Freya Mathews argues that a radical shift in the cultural foundations of western civilization is required to address this lack of concern for matter. Modern civilisation, she says, is based on a basic dualism between mind and matter. Mind is held to be the source of all meaning, creativity and purpose; matter is seen to be inert and malleable, 'conceptually drained of any presence or interiority'. The consequences of this outlook are rationalistic science, profit-driven economics, an ideology of progress, a liberal polity, an ethos of consumerism, and colonialism on the international stage. In short, an endless drive toward control and conquest that seeks out ever more arenas of exploitation and 'improvement'.

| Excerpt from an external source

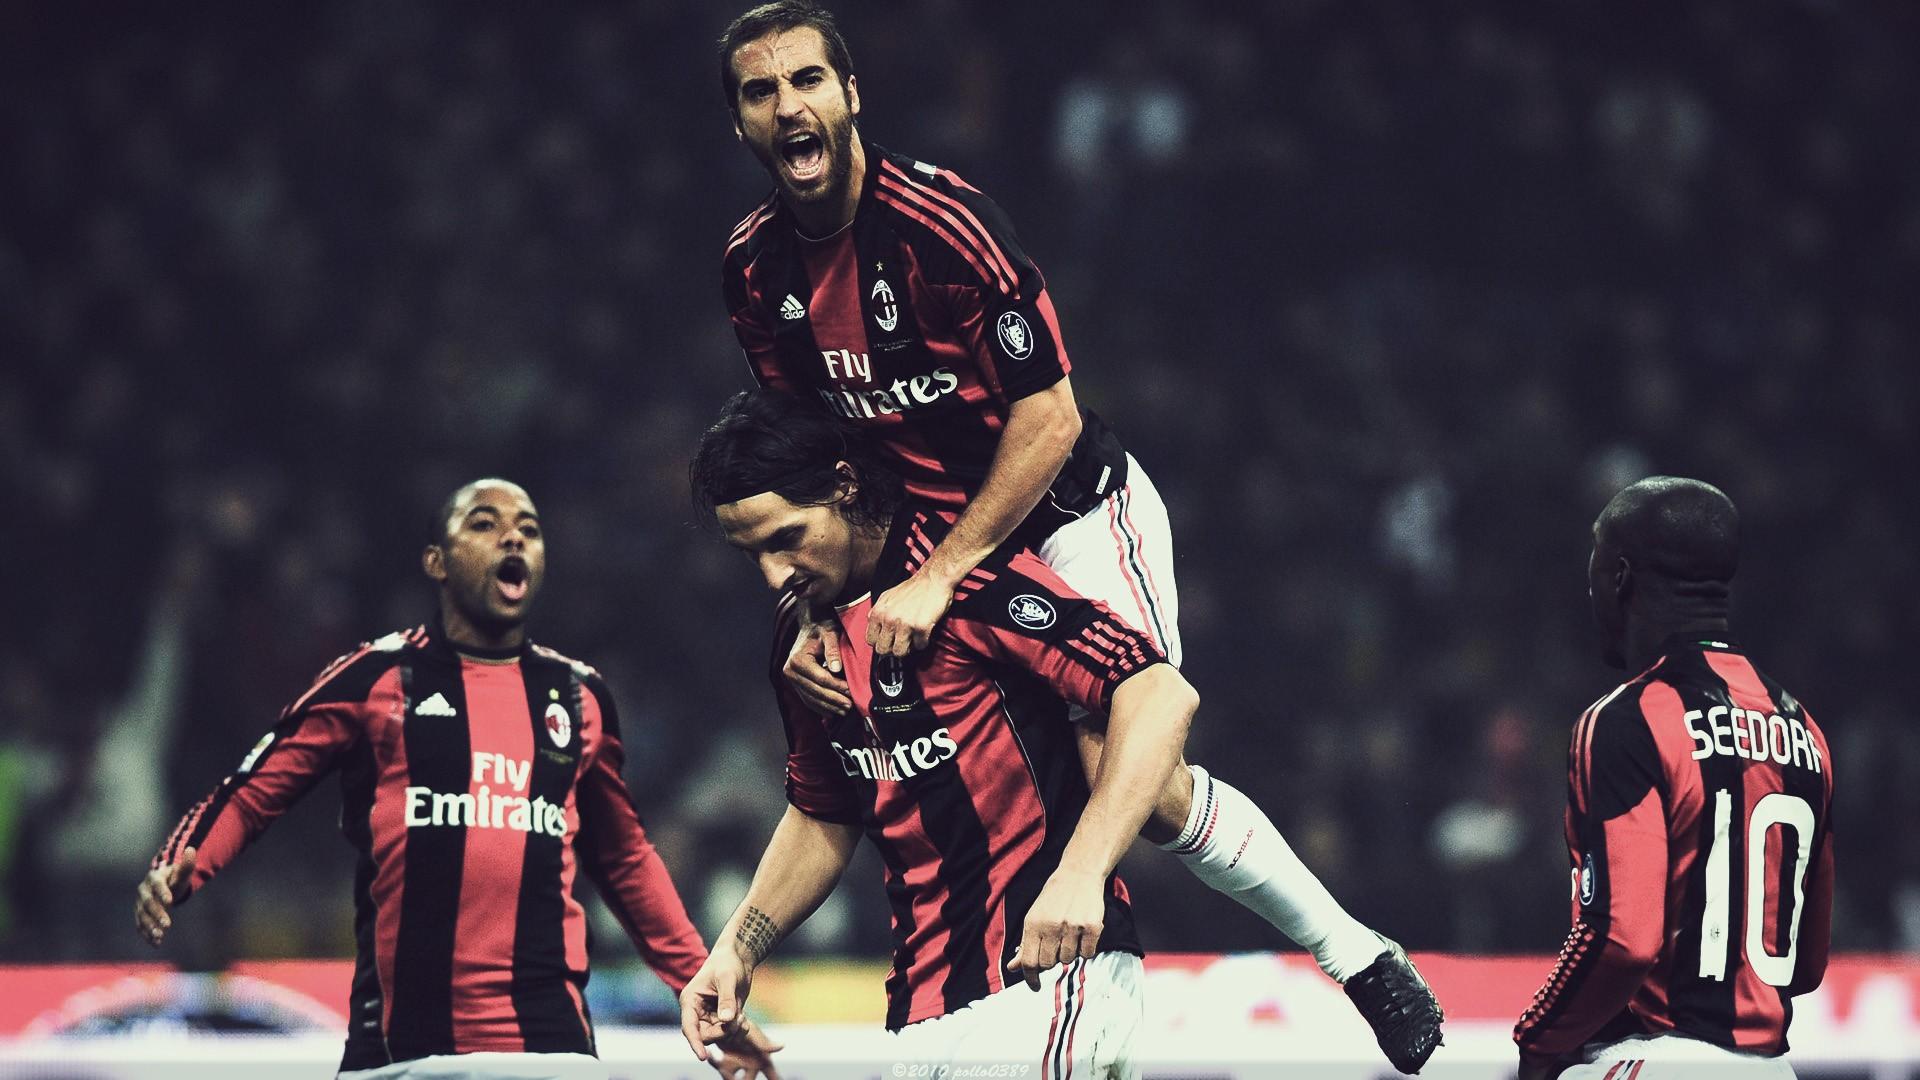 beast AC Milan Robinho Zlatan Ibrahimovic Mathieu Flamini Clarence

Mathews argues that many environmental movements fail to grasp the nature of the present ecological crisis because they remain within the parameters of modern culture. These movements cannot accord proper respect to matter because they continue to act on the basis of the dualism between mind and matter. The urge for a genuine alternative requires a nondualist or 'panpsychist' culture. Such a culture provides matter with its own life and vitality, with an 'innerness', an intrinsic meaning independent of human beings. If our basic attitude toward reality can be changed in this way, the rest follows since we will necessarily replace insensitivity with care and affection. If matter has ends of its own, then we must enlarge our moral conscience beyond the circle of human beings, and beyond even the larger group of sentient beings.

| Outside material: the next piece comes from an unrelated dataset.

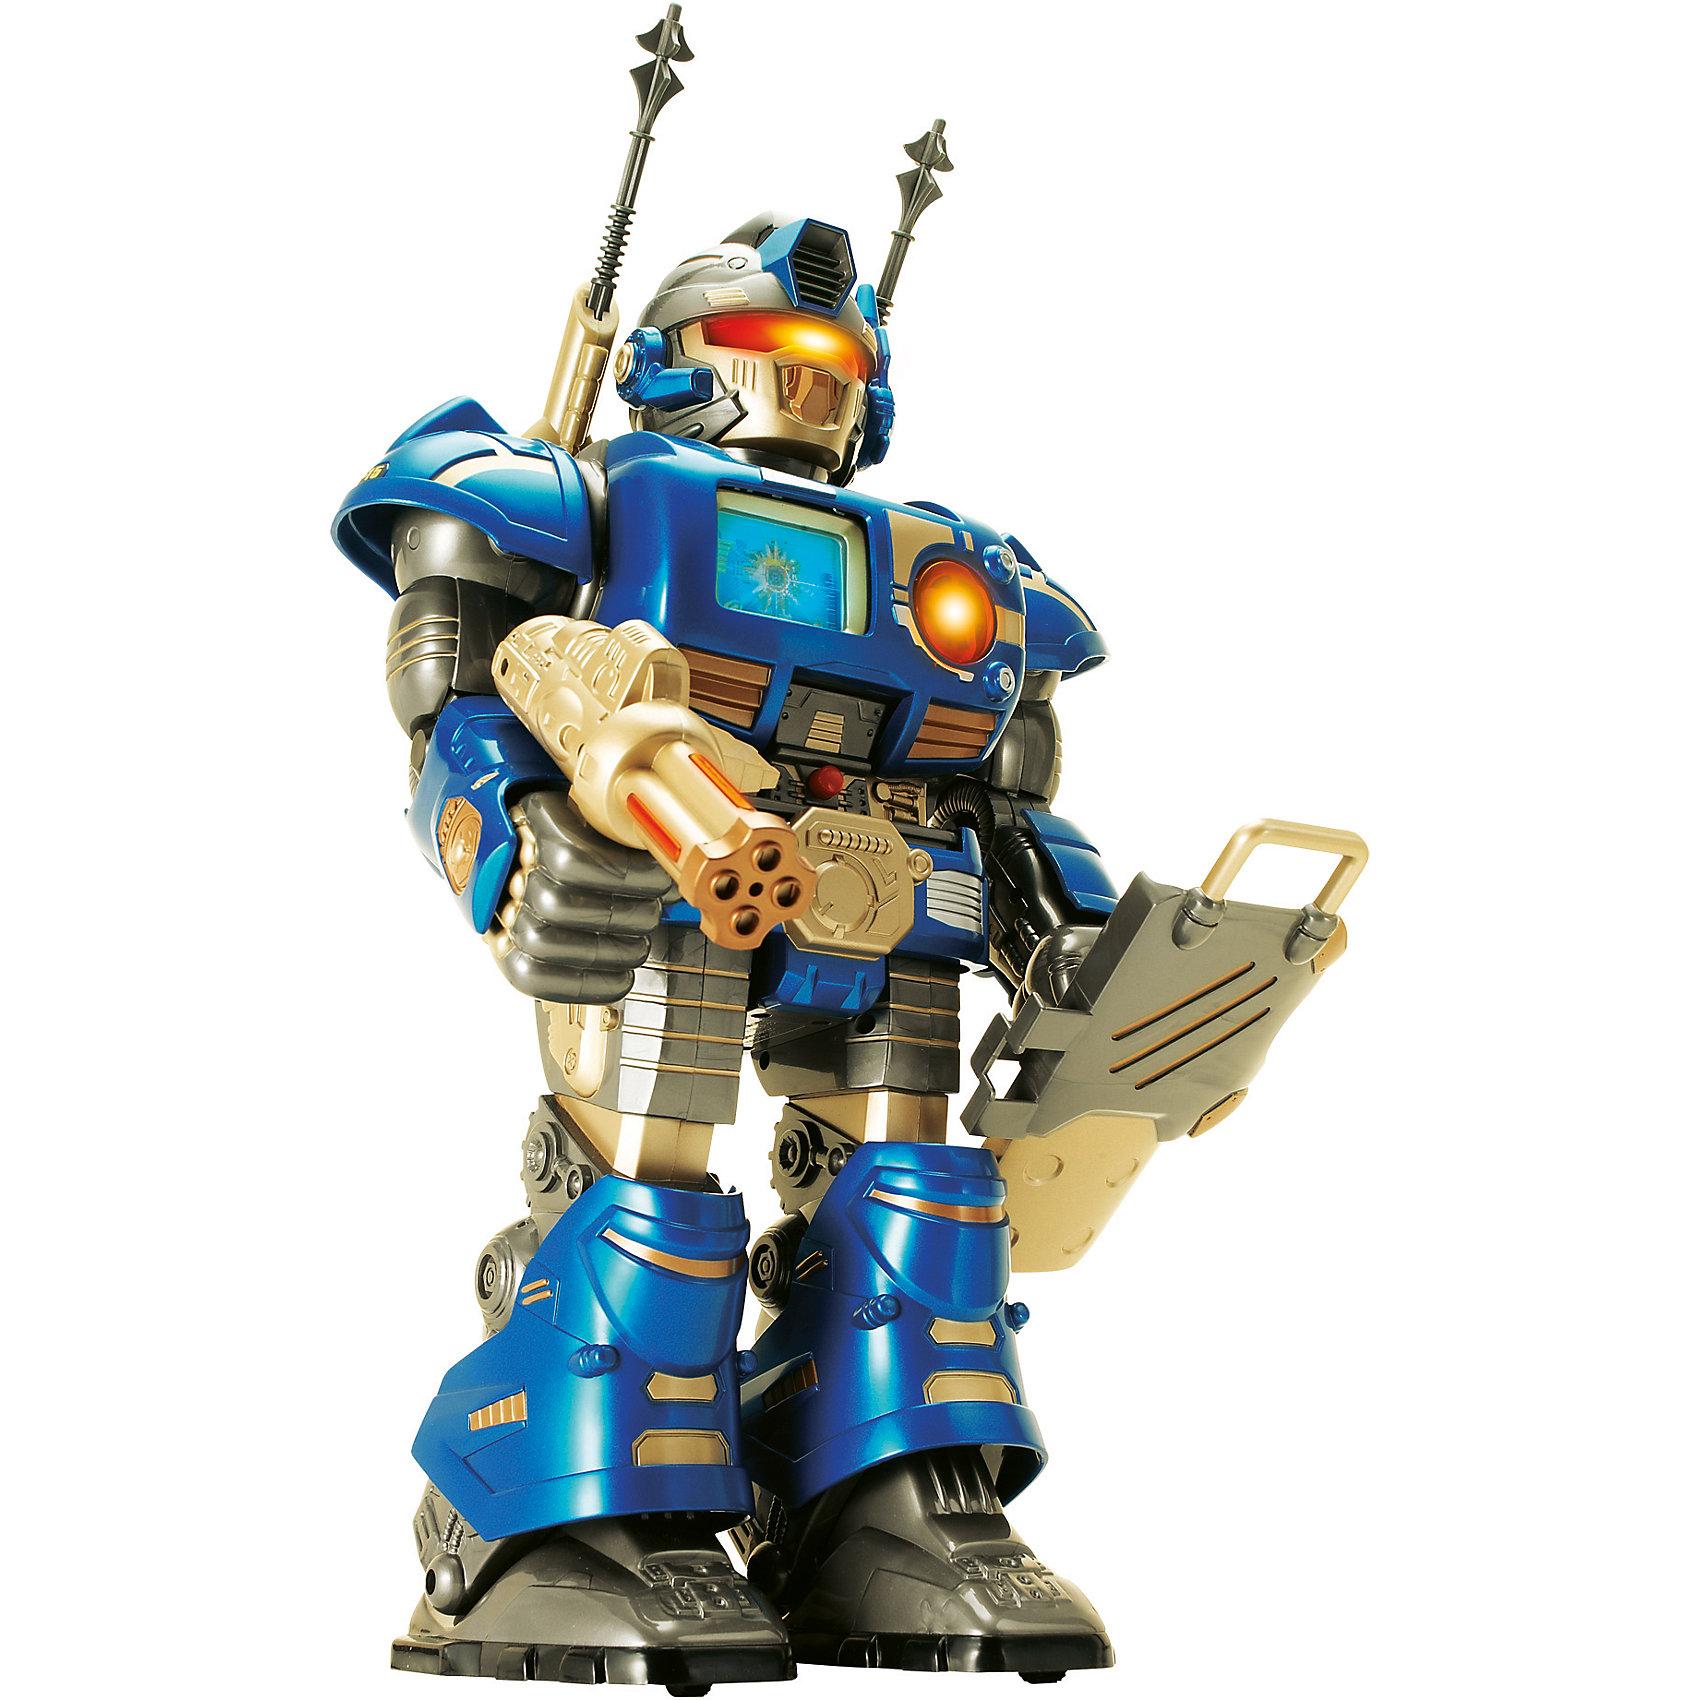 Робот-сержант синий, на и/к управлении, 38 см, HAP-P-KIDРобот-сержант на и/к управлении от HAP-P-KID классный подарок любителю робототехники! Большой, классный Робот восхитит Вашего мальчика, ведь он оснащен по последнему слову техники. Благодаря удобному и понятному пульту управления Робот-сержант будет выполнять любые команды: двигаться, поднимать оружие, поворачивать голову. Все движения Робота сопровождаются классными звуковыми и световыми эффектами, поэтому играть с ним очень увлекательно. Робот-сержант - настоящий боевой робот: у него несколько видов вооружения и прочные съемные доспехи. <br>Главная особенность Робота-сержанта настоящий анимационный экран на груди! Устраивать битвы с таким бойцом одно удовольствие! Собирайтесь с друзьями и решайте чей робот самый сильный! <br>Игры с роботами развивают у мальчишек сообразительность и логическое мышление.<br><br>Дополнительная информация: <br><br>- В наборе:  робот (без ракет на плечах), пульт дистанционного управления, доспехи, оружие;<br>- Робот движется вперед, поднимает руки, поворачивает голову;<br>- Анимационный экран;<br>- Световые и звуковые эффекты;<br>- Работает от батареек: 3 батарейки типа ААА - для пульта, 4 батарейки типа АА - для робота;<br>- Прекрасный подарок мальчишке;<br>- Цвет: синий;<br>- Высота игрушки: 38 см;<br>- Размер упаковки: 33 х 13,3 х 40,6;<br>- Вес: 1,8 кг<br><br>Робота-сержанта синего, на и/к управлении, 38 см, HAP-P-KID можно купить в нашем интернет-магазине<br><br>Ширина мм: 330<br>Глубина мм: 133<br>Высота мм: 406<br>Вес г: 1880<br>Возраст от месяцев: 36<br>Возраст до месяцев: 84<br>Пол: Мужской<br>Возраст: Детский<br>SKU: 4001659

Today, a number of social and political theorists are searching for fruitful ways to 're-enchant' the world. Others believe such a project is a great danger, because it threatens to undermine the civilization we have developed over centuries, particularly our scientific progress and our political freedoms. But modernisation on dualistic terms also poses great dangers, as Mathews points out, not only for the environment, but for human beings themselves. When matter is regarded as inert, and place is held to have little significance, human beings find they are homeless. She detects a 'chronic dissatisfaction' with the present, and a restless pursuit of the 'new' in the hope of finding a small measure of meaning. A panpsychist metaphysics can resolve much of our anxiety, teaching us to 'reinhabit reality'. For Mathews, it does not mean we have to throw away our computers or destroy our skyscrapers and freeways. It involves being grateful to the places in which we live, and treating all matter with reverence.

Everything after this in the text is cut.